Work task | Transcribe the listing exactly, so that nothing but the pictures is missing.

Collected data |
%%
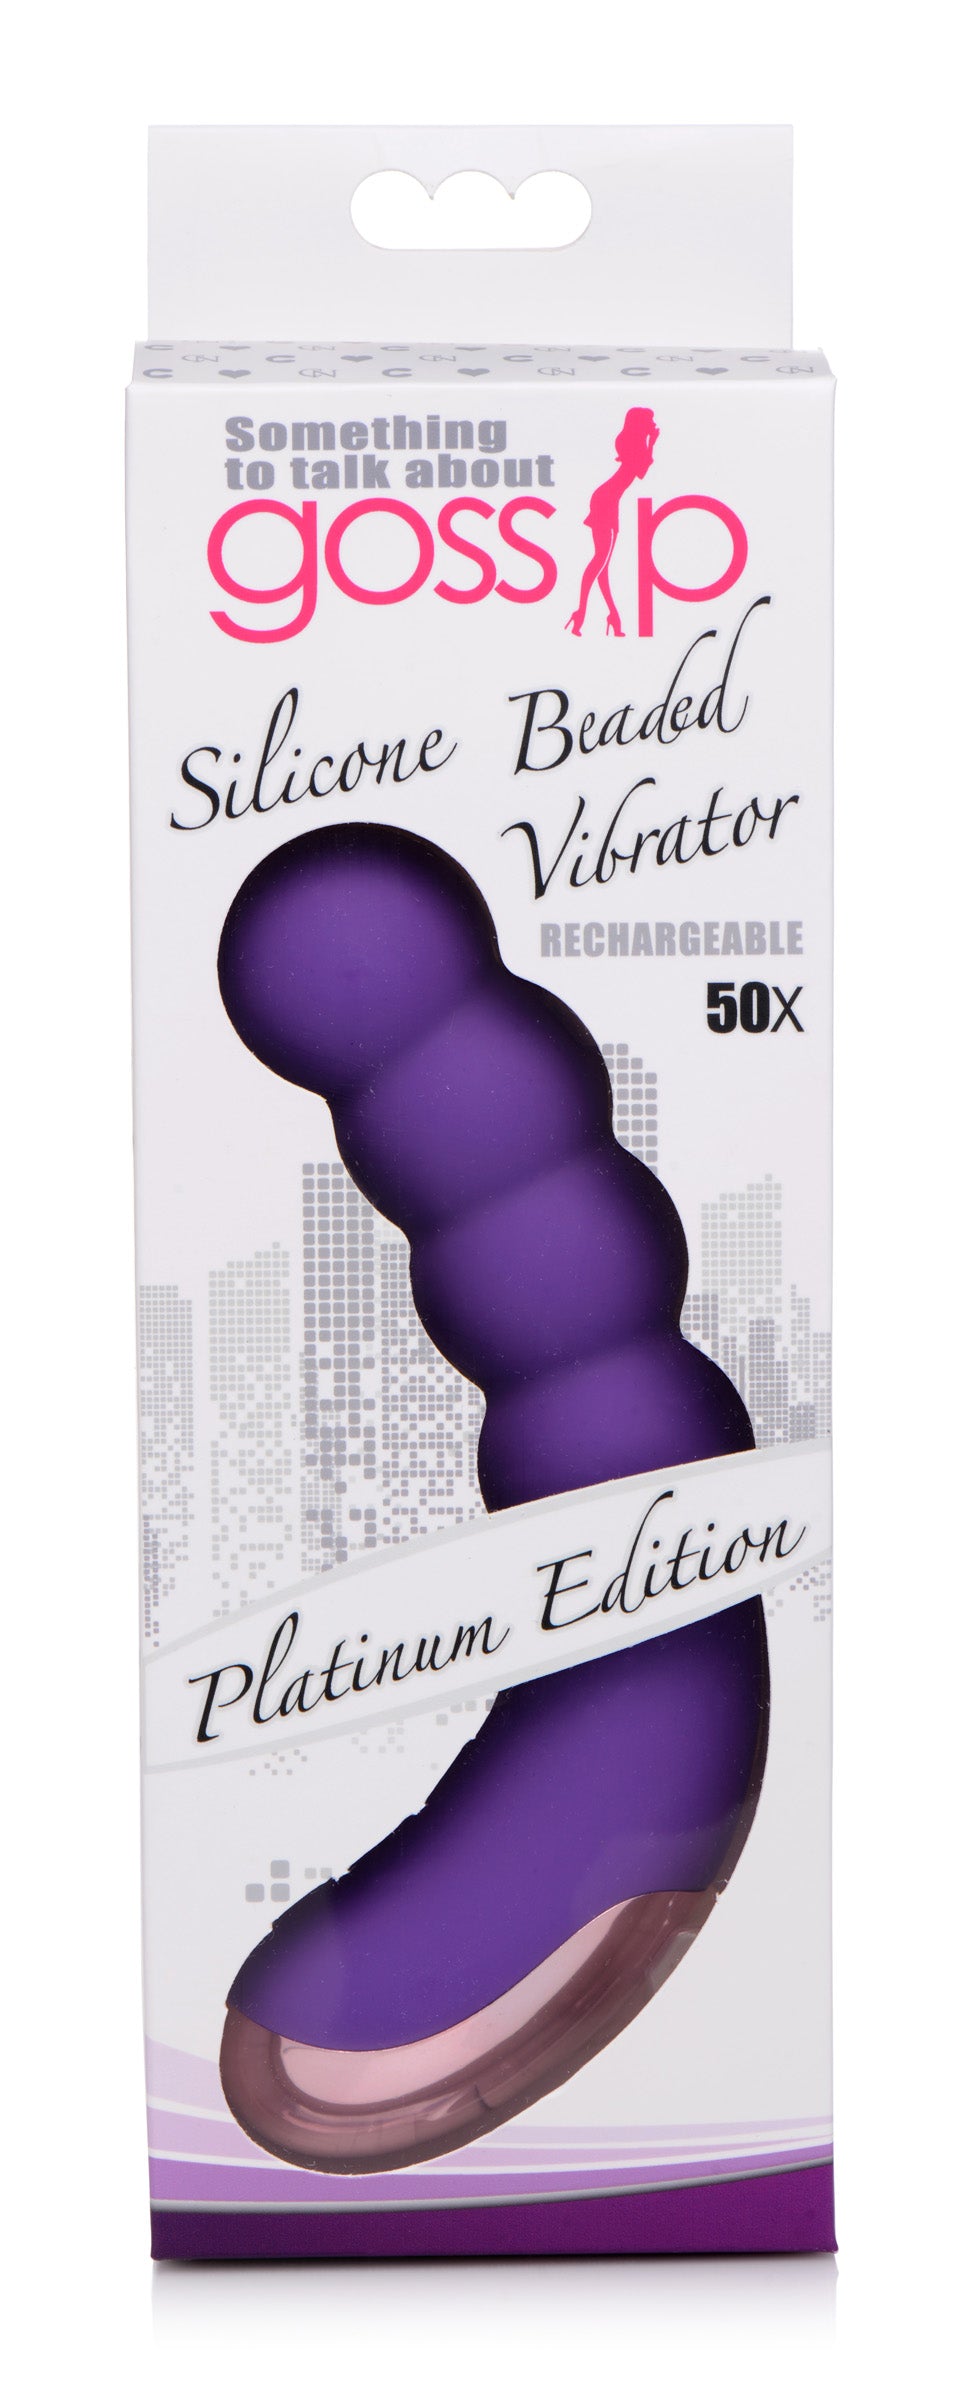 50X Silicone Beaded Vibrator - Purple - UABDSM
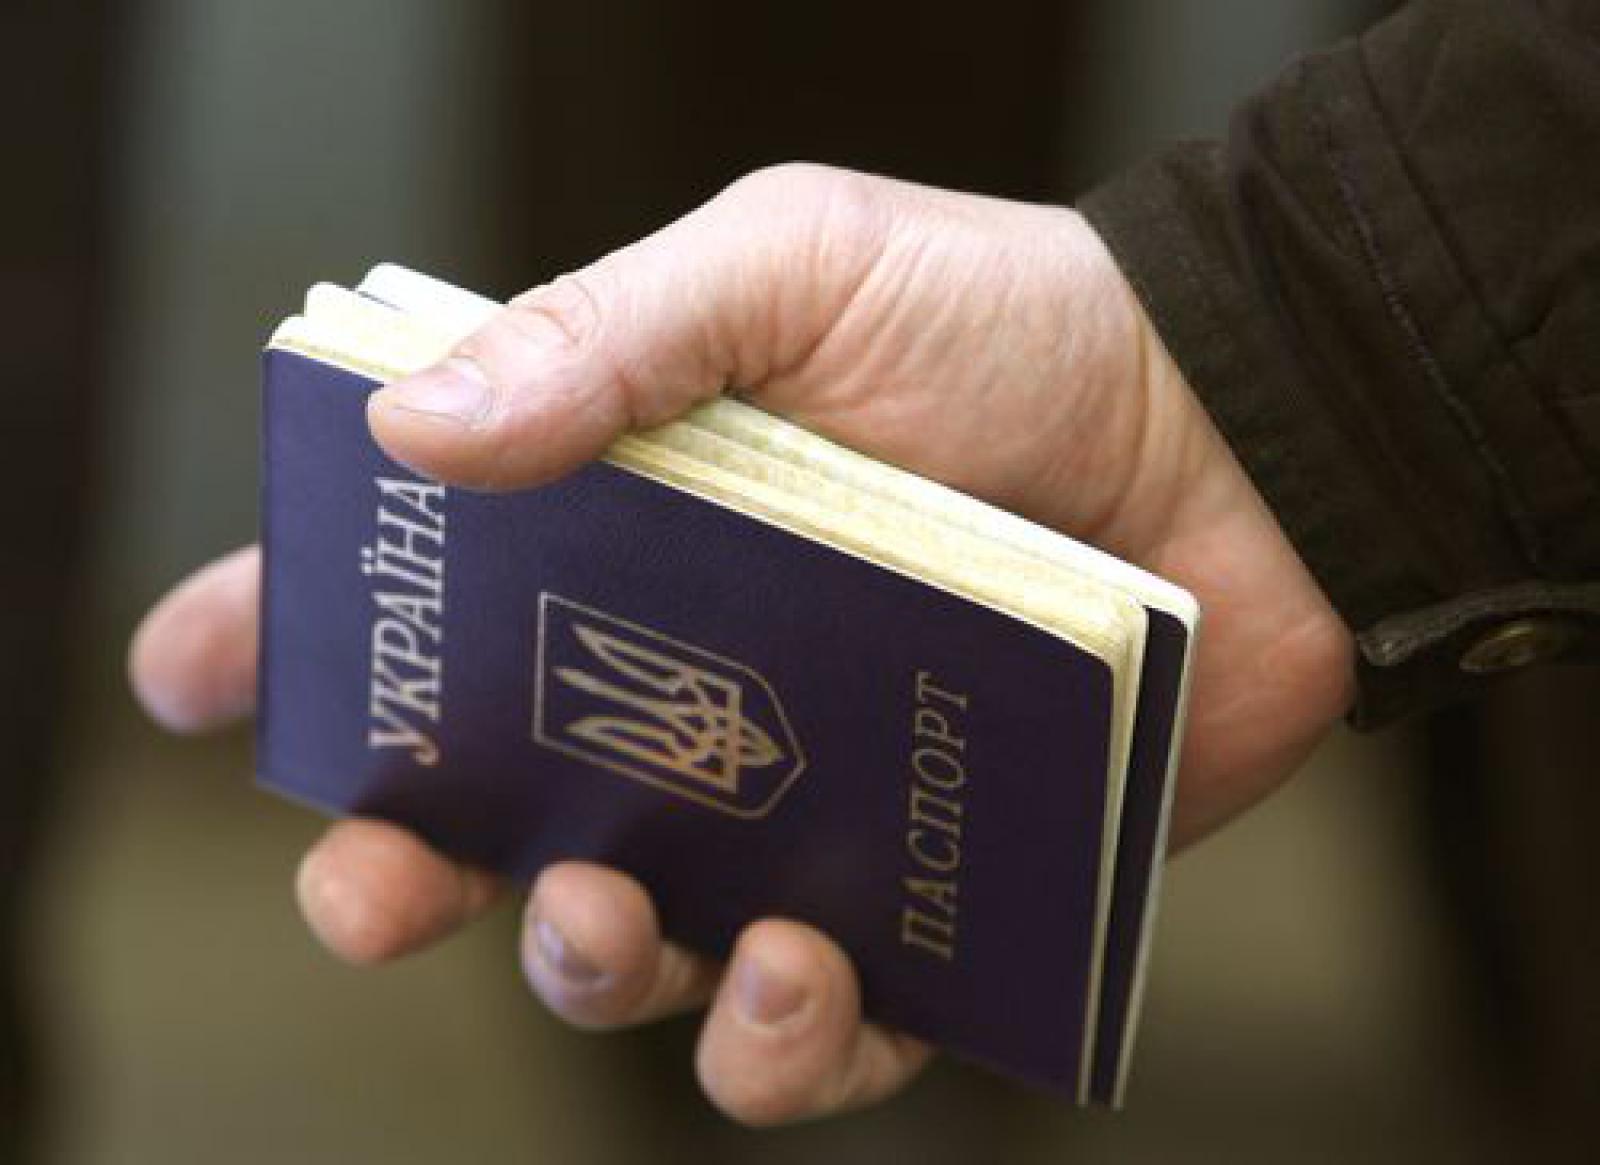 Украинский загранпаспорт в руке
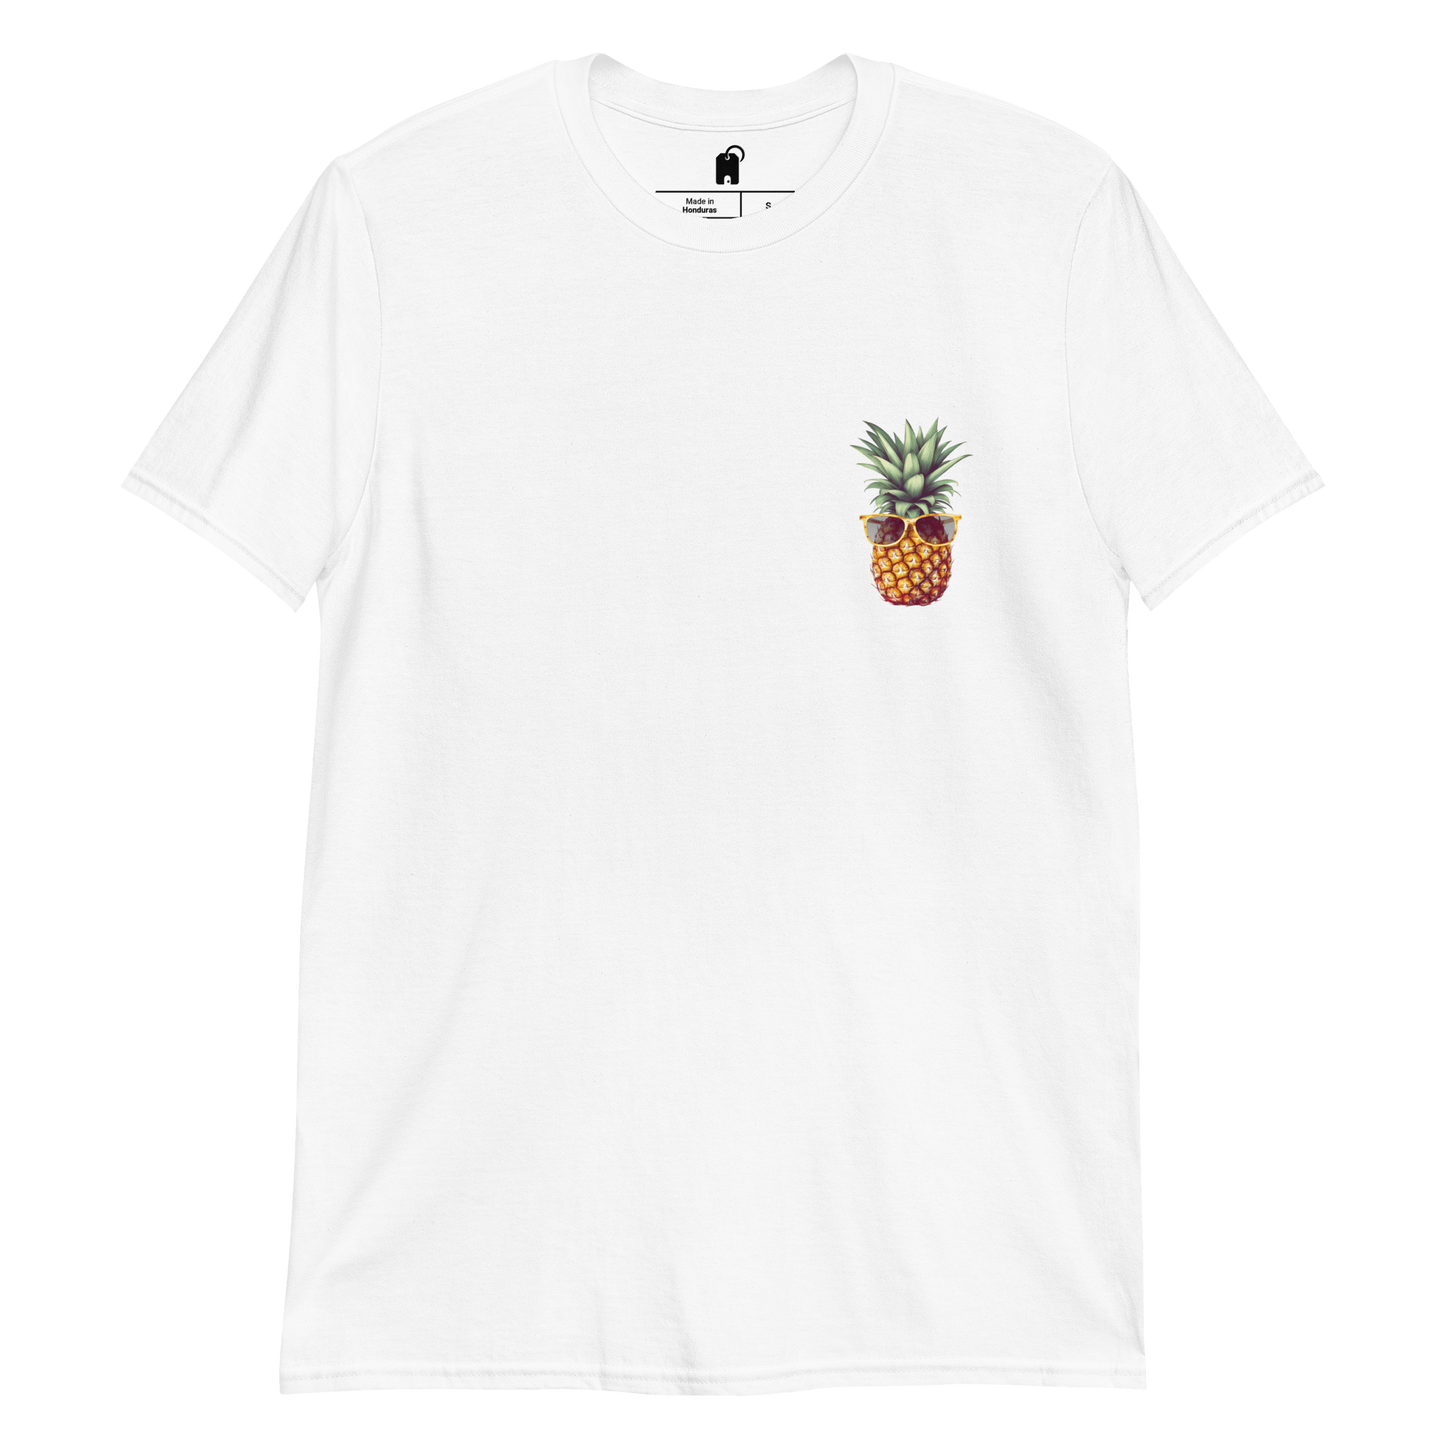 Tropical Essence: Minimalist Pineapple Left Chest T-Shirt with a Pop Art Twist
%%
The answer |
 50X Silicone Beaded Vibrator - Purple - UABDSM
 Украинский загранпаспорт в руке
 Tropical Essence: Minimalist Pineapple Left Chest T-Shirt with a Pop Art Twist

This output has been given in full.